Loose feather and other birdy news
Let me just say straight away that I realize I'm stealing John's catchy title - but it befits my needs momentarily. (I'll give it right back, John.) I want to update my 'mystery feather' identification assistance request that I posted a few days ago.
B found this completely white 5 1/2" tail feather (I think) in our field and it's a bit of a mystery who it might belong to. We have no obvious white birds around and other potential culprits are not especially likely, but I can rule nothing out yet.
Today however, B pointed out a strange guest at our bird feeder. I headed for the window to see a bunch of 4 or 5 mourning doves (Zenaida macroura) bobbing around under the feeder, poking around for intact seeds. Nothing unusual about mourning doves under the feeder, but one of them had a distinctly bright white set of long tail feathers. His appearance otherwise was that of a normal adult mourning dove. His covert feathers over the top of the tail were normal gray-brown, but the long underneath feathers were white, white, white. I'm not sure if this makes him the likely source of the mystery feather though. The mystery feather seems almost too wide and big to be of mourning dove origin, but I'm not sure how feather shape, size or appearance might change a bit from detachment. Who knows for sure - anyone?

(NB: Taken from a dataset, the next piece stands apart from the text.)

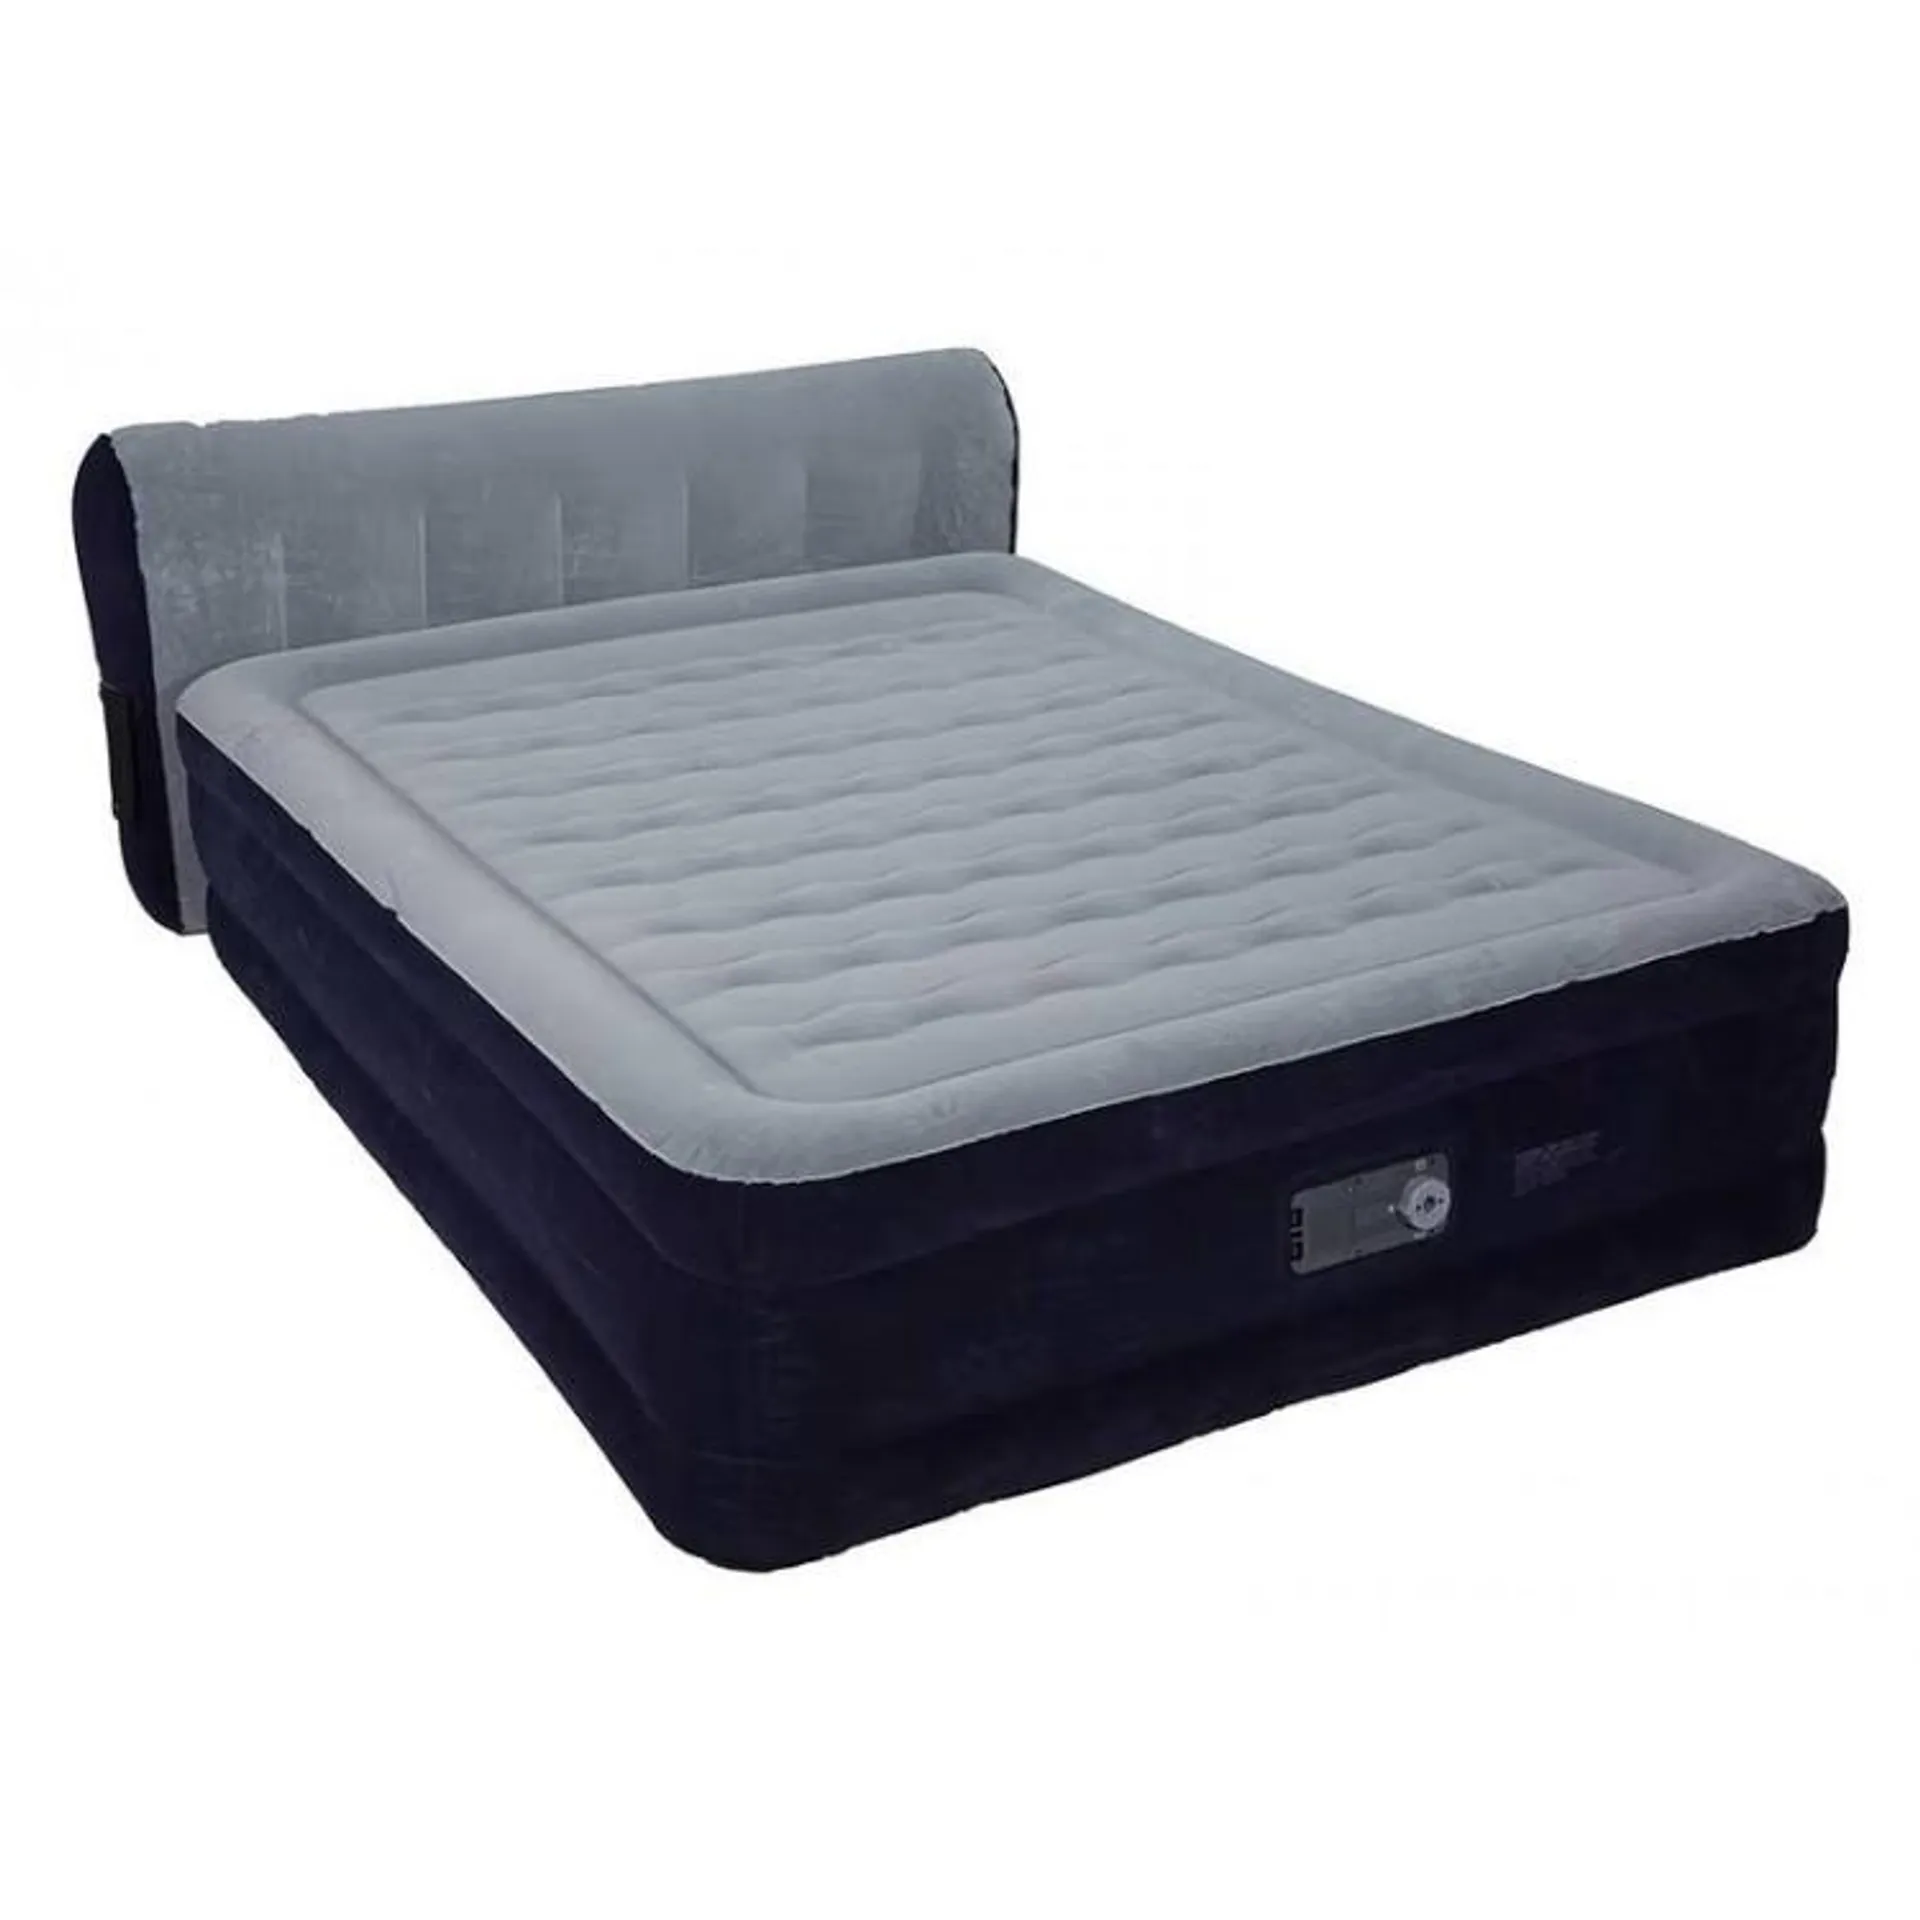 Queen Size Inflatable Air Bed with Built-In Pump & Backrest

I tried to capture a picture of the white-tailed mourning dove, but failed as my CF card was full and by the time I cleared away some space, something flushed all the birds away from the feeder. I'll keep an eye out for him now though...
On an mostly unrelated note, my friend Lisa alerted me to this news of another Columbidae species in the news this week: a UC-Irvine professor and her students have set up a smog-detection and -reporting project employing pigeons, lots of high-tech electronic gadgetry and a blog.

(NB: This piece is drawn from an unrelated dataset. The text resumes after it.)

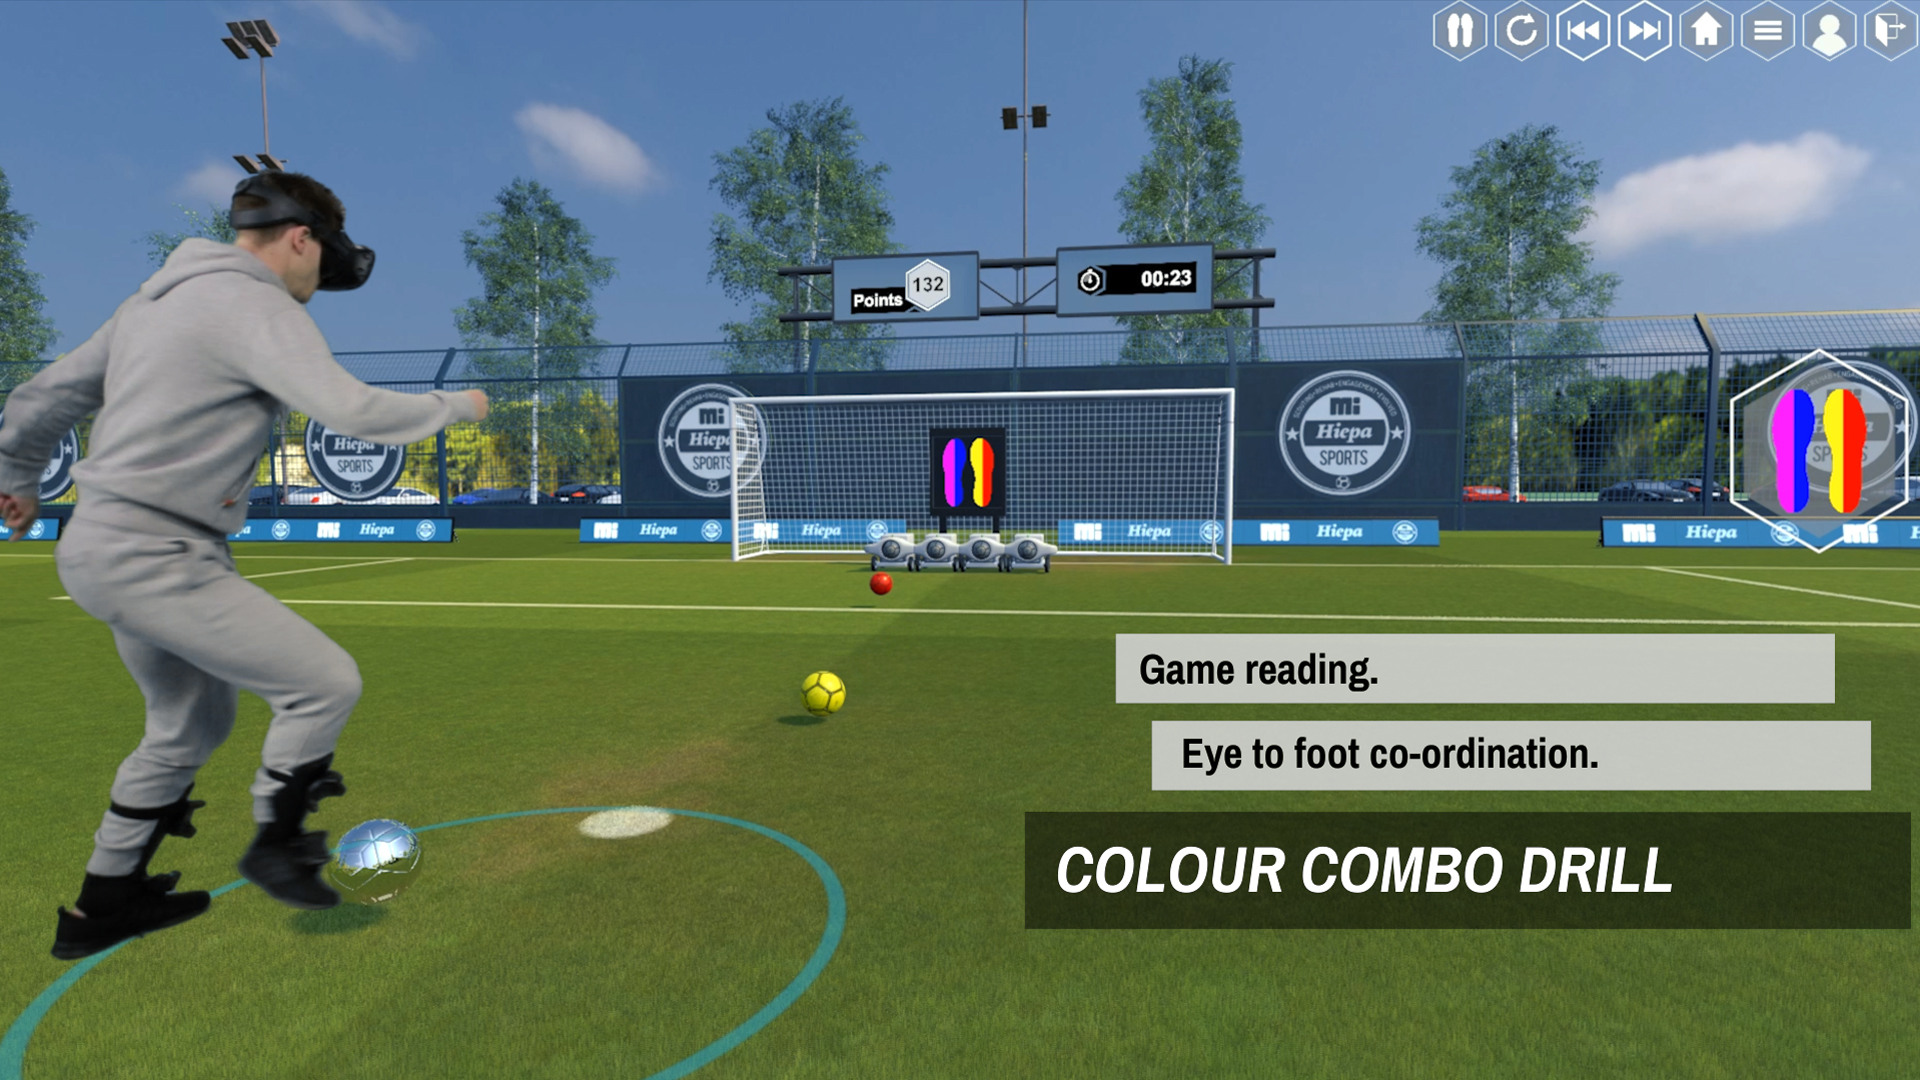 Combining Vr With Esports To Train The Next Big Soccer Star Vrscout

[...] Later this year 20 [pigeons] will take to the skies above San Jose, California, each carrying a GPS receiver, air pollution sensors and a basic cellphone. They will measure levels of pollutants they encounter, and beam back their findings as text messages to a blog in real time.
The data they send back will be displayed on the blog in the form of an interactive map. As well as providing local residents with real-time data on air quality, da Costa hopes the pigeon blog will inspire people to come up with new ways to monitor the environment. The pigeons will also carry cameras around their necks and post aerial photos to the blog.